Los dos viejecitos se levantaron temprano como de costumbre.
El se dirigió con paso lento al jardín a cuidar sus flores y ella a la cocina.
¡Esplendida mañana otoña! El sol lo ilumina todo con la tibia caricia de sus
rayos y daba aspecto de diamanticos a las gotas de rocio que la noche
había esparcido sobre las plantas. En un día como aquel, cinco años atrás,
un pelotón de jóvenes soldados se detuvieron delante de la puerta. El
sargento avanzando unos pasos, gritó:
Juan Salavert ¡las filas! ¡viva la patria!
Fue, ese, para los padres de Juan, un momento angustioso. Ayudándole a
preparar sus ropas , pusieron en las bolsillos las monedas que tenían a mano
y cuando estuvo listo, quedándose de pie como petrificado.
No perdamos tiempo gritó el sargento.
Vamos Papá, un abrazo. Ahora tú, mamá. Pronto vendré a verlos. La patria
está en peligro y necesita de sus soldados.

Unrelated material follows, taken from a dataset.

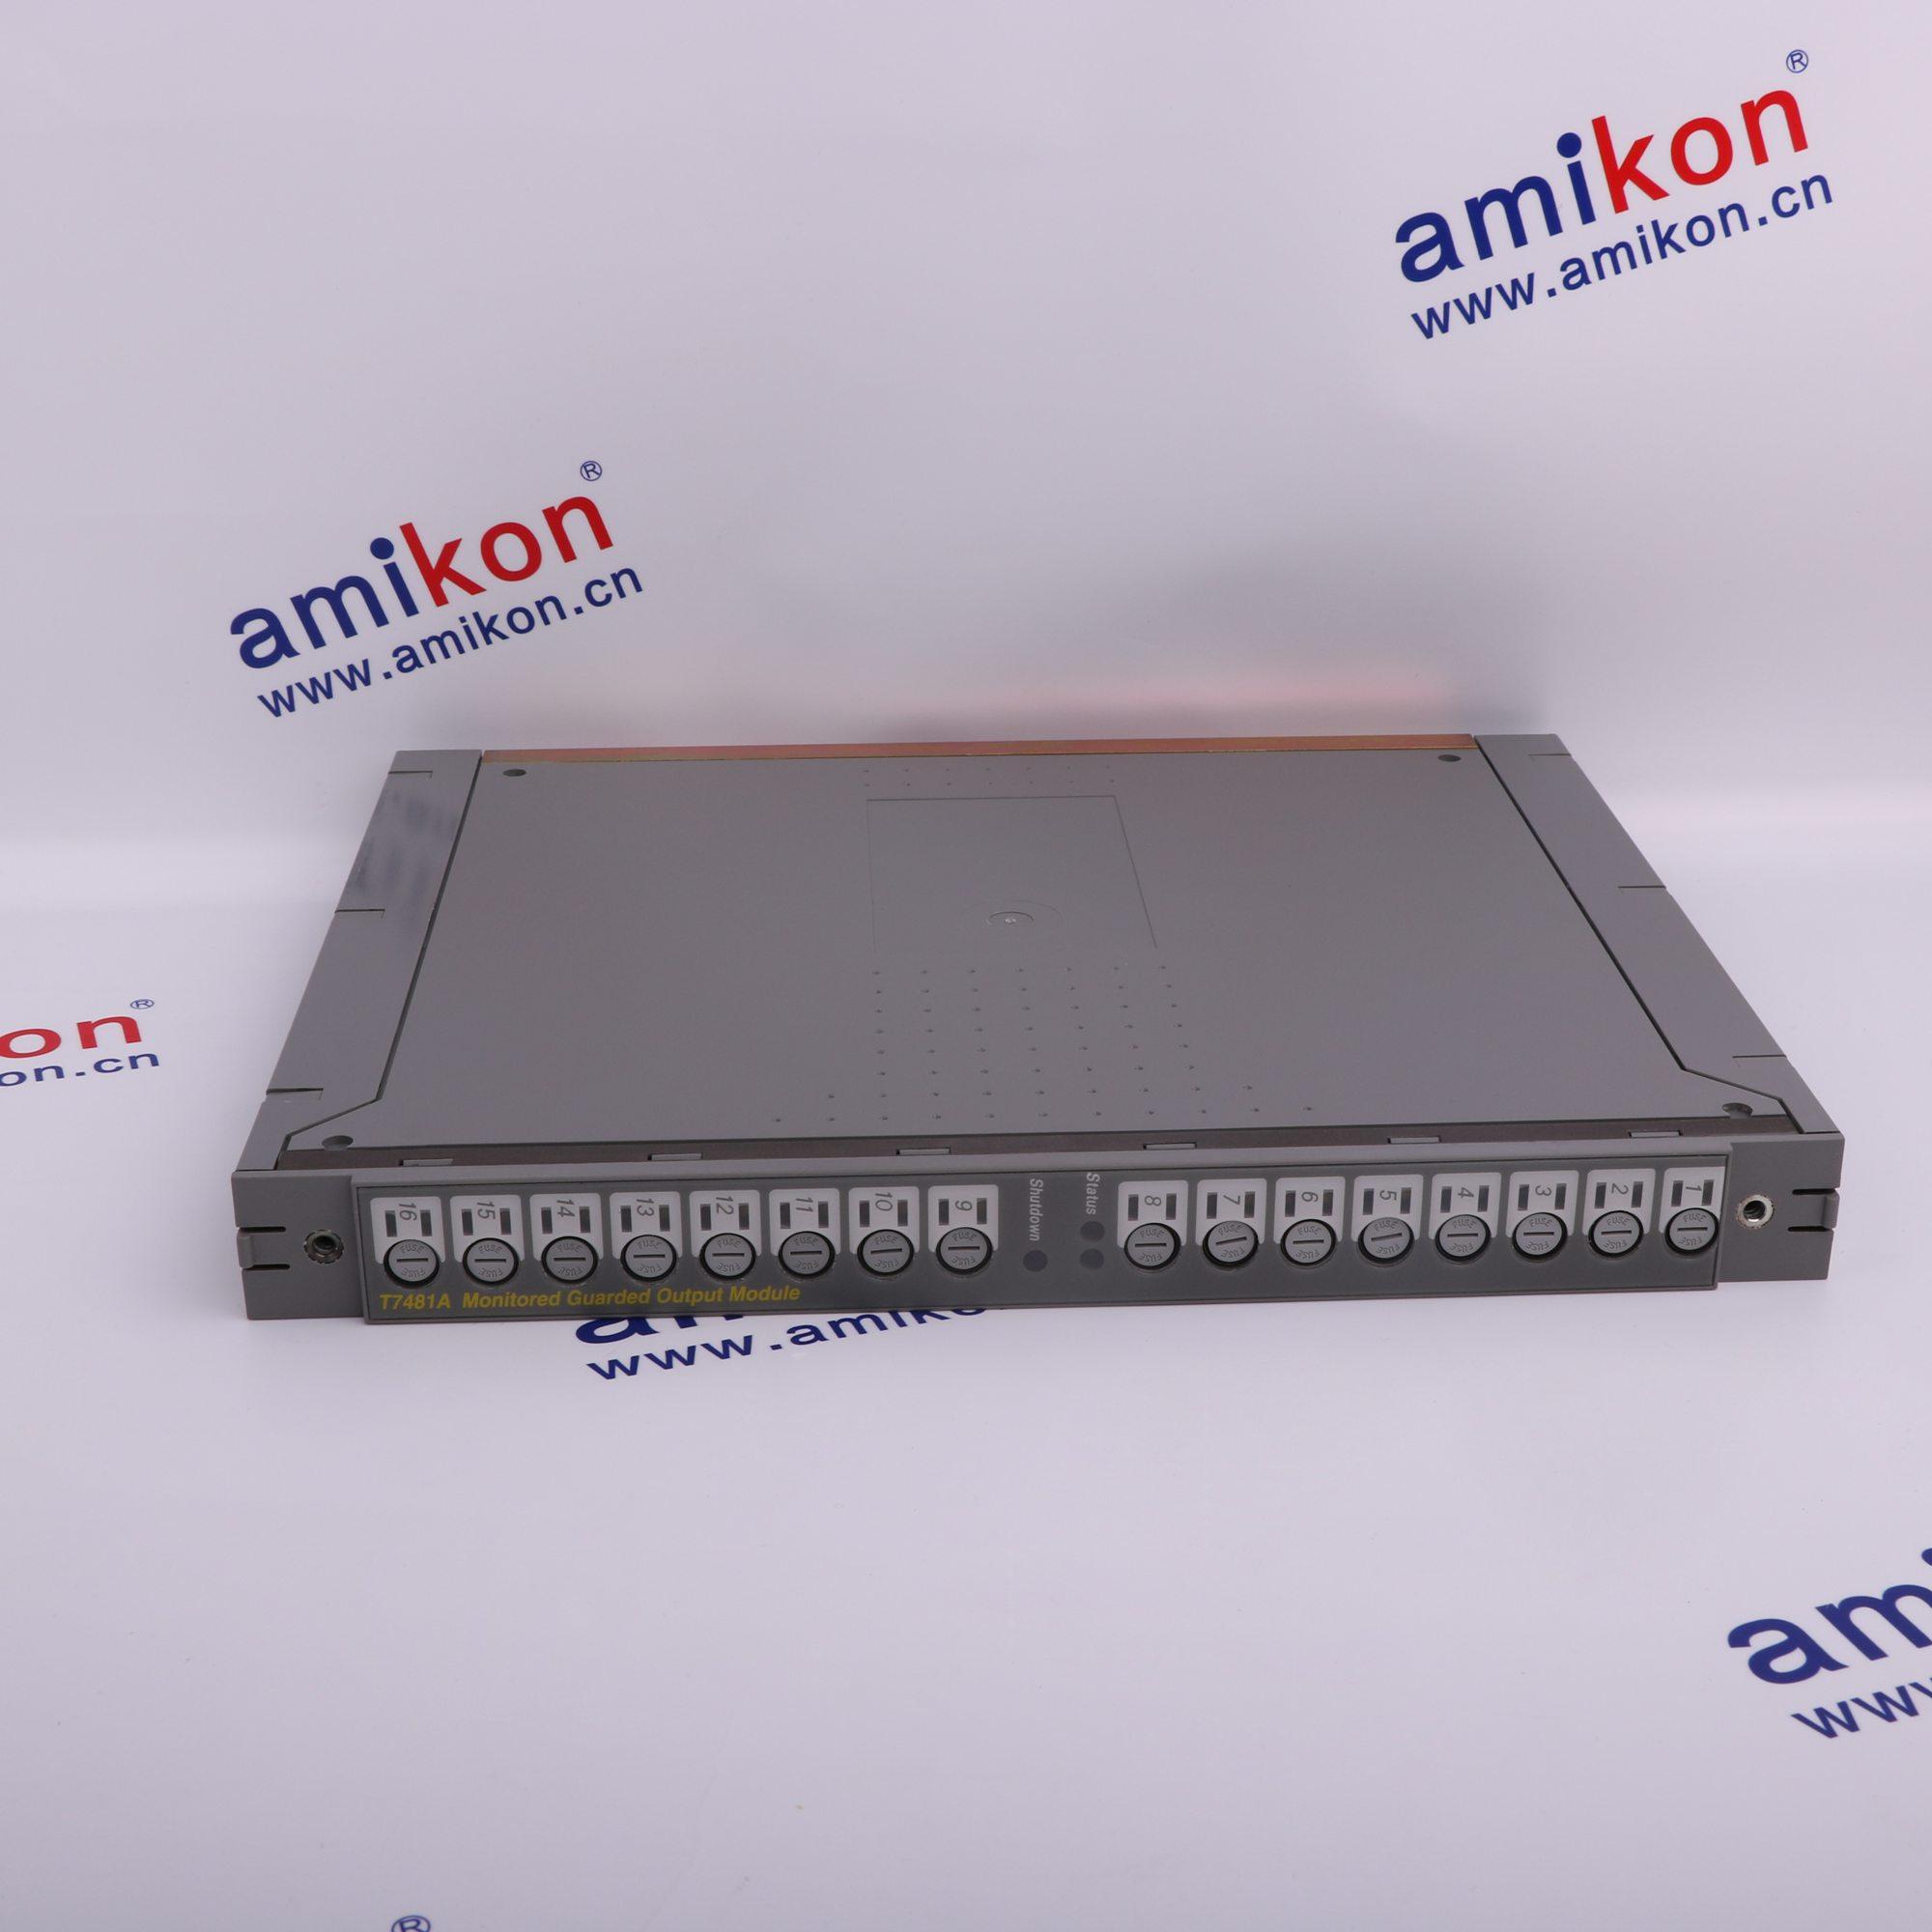 T8123 Trusted TMR Processor Interface Adaptor

Les escribiré todos los días. No llores. Animo ánimo. ¿No ven que yo no
lloro?
No ven que me voy contento? Y lloraron los tres y se abrazaron fuertemente.61
Unos segundos más tarde, Juan Salavert avanzaba con paso militar entre
sus compañeros, la frente levantada y los ojos llenos de lágrimas.
Desde lejos se volvió, una vez más, para ver la casita y la amada silueta de
los padres.
¡La guerra! La guerra impuso a las madres el sacrificio más grande, les
arrancó de los brazos a sus hijos, fuertes y joviales y se los devolvió, aunque
no siempre, envejecidos, tristes o mutilados.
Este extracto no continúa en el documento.